Overall, I'm quite amazed at the bang-for-the-buck...will add more after a full road test and maybe a strap swap or two.

Thanks for the heads-up, Jon.


----------



## JonW (Mar 23, 2005)

Cool - agree with your points! Glad youre enjoying it! Huge bang for the buck I reckon!


----------



## SharkBike (Apr 15, 2005)

These popped up on Sh***p again today. I'm very tempted to snag a blue one.

How 'bout it, Mac?

Hmmmm....


----------



## mach 0.0013137 (Jan 10, 2005)

SharkBike said:


> These popped up on Sh***p again today. I'm very tempted to snag a blue one.
> 
> How 'bout it, Mac?
> 
> Hmmmm....


I`ll get one sometime but not today, BTW the price is amazing but how much is P&P? then there`s VAT etc to consider when it gets here


----------



## mach 0.0013137 (Jan 10, 2005)

mach 0.0013137 said:


> SharkBike said:
> 
> 
> > These popped up on Sh***p again today.

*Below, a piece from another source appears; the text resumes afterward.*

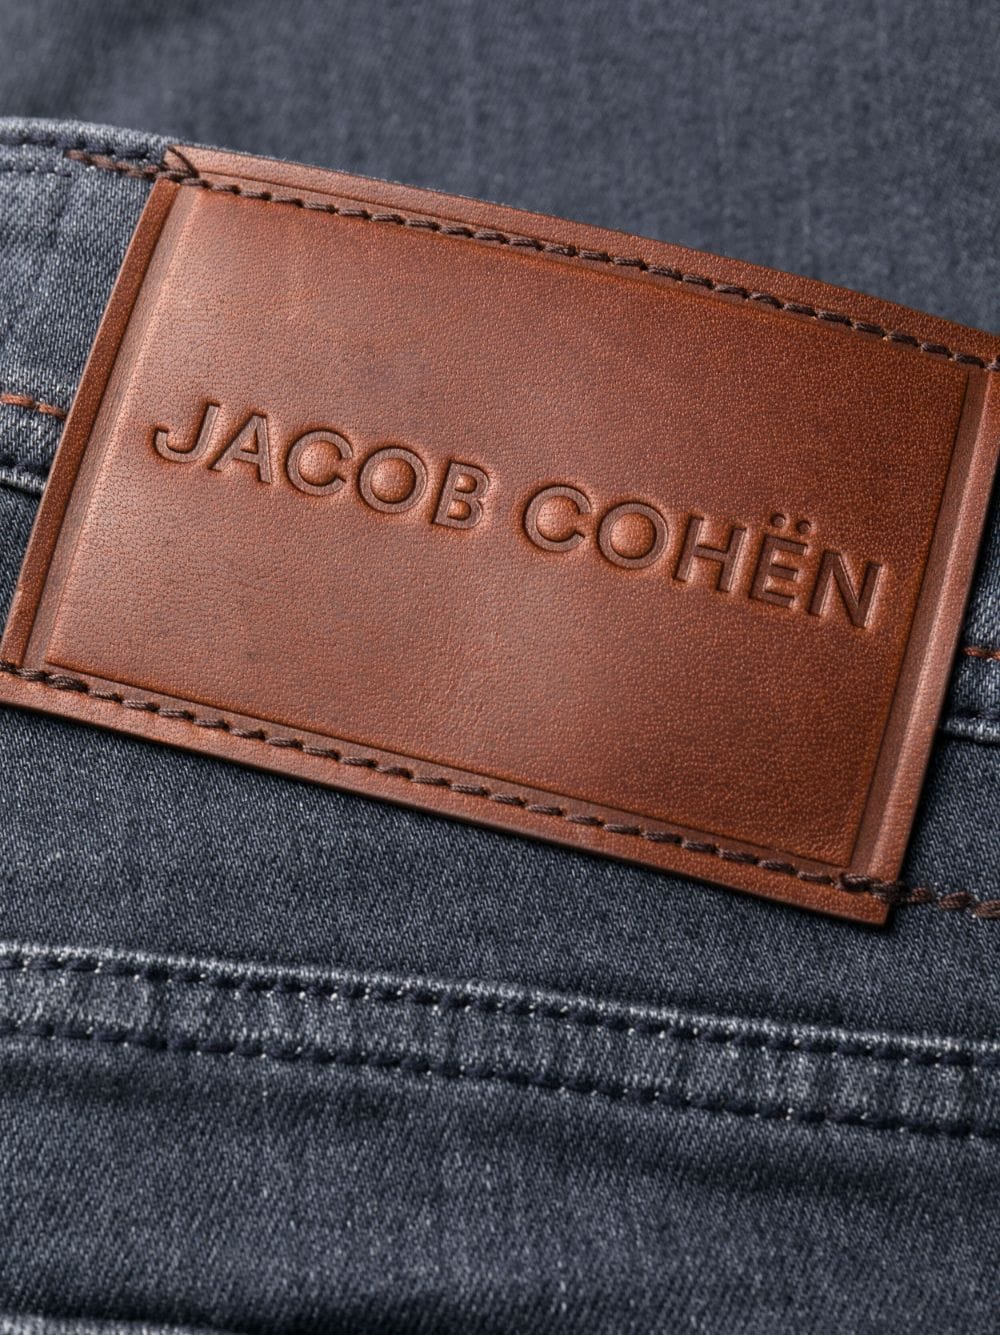 Jacob Cohen Jean droit grey - Lothaire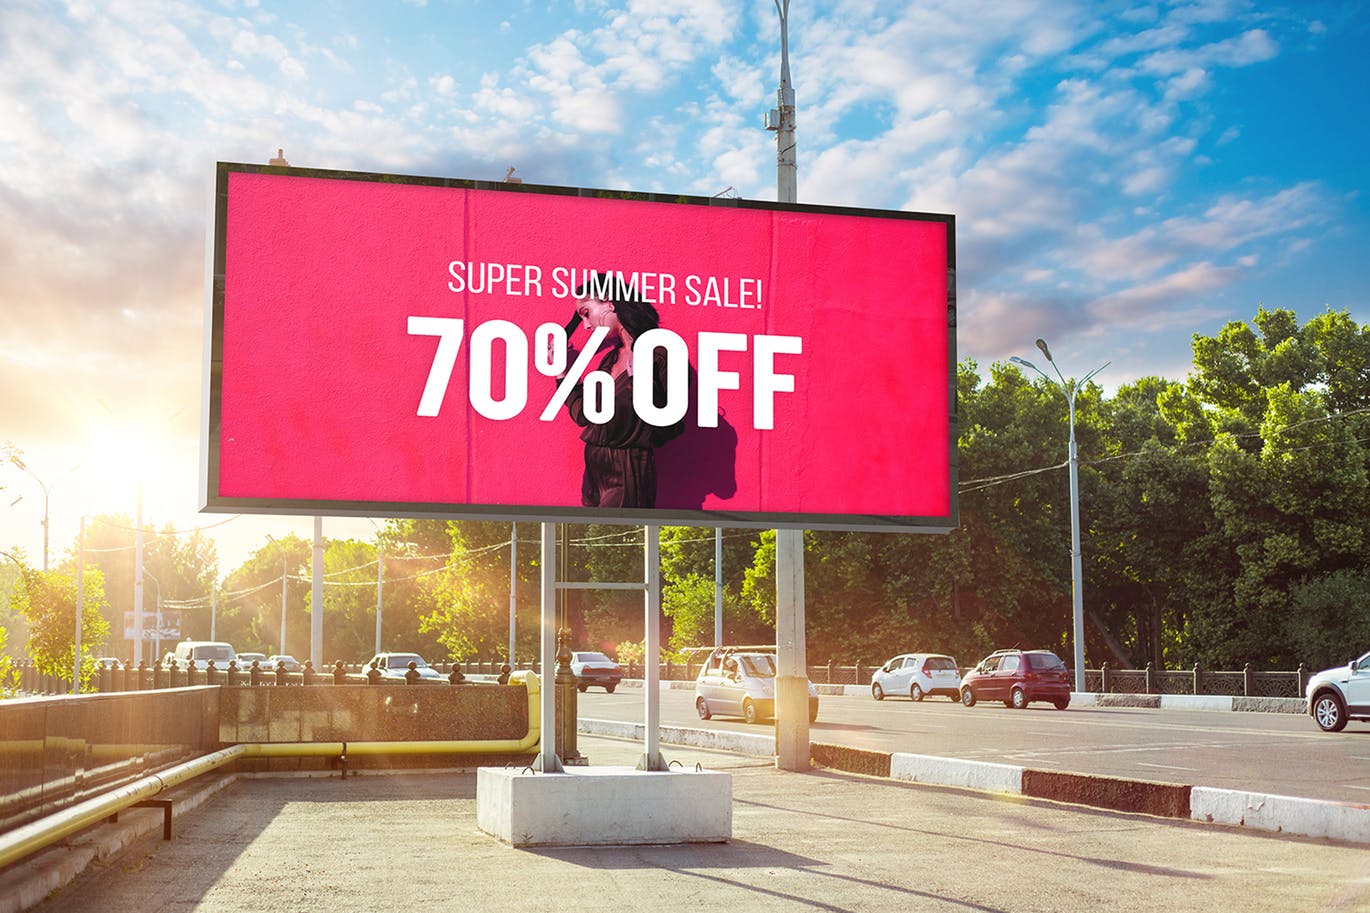 户外公路大型广告牌广告设计展示效果图样机 Advertising Billboard Mockup插图(4)

I'm very tempted to snag a blue one.
> ...


I note that shnoop don`t post outside America so they wouldn`t be any use to me


----------



## SharkBike (Apr 15, 2005)

mach 0.0013137 said:


> mach 0.0013137 said:
> 
> 
> > SharkBike said:
> ...


I think P&P was under $10. You could always fly over with the money you save, pick it up, and return home with a new watch...and a suntan.


----------



## jasonm (Nov 22, 2003)

I might just do that


----------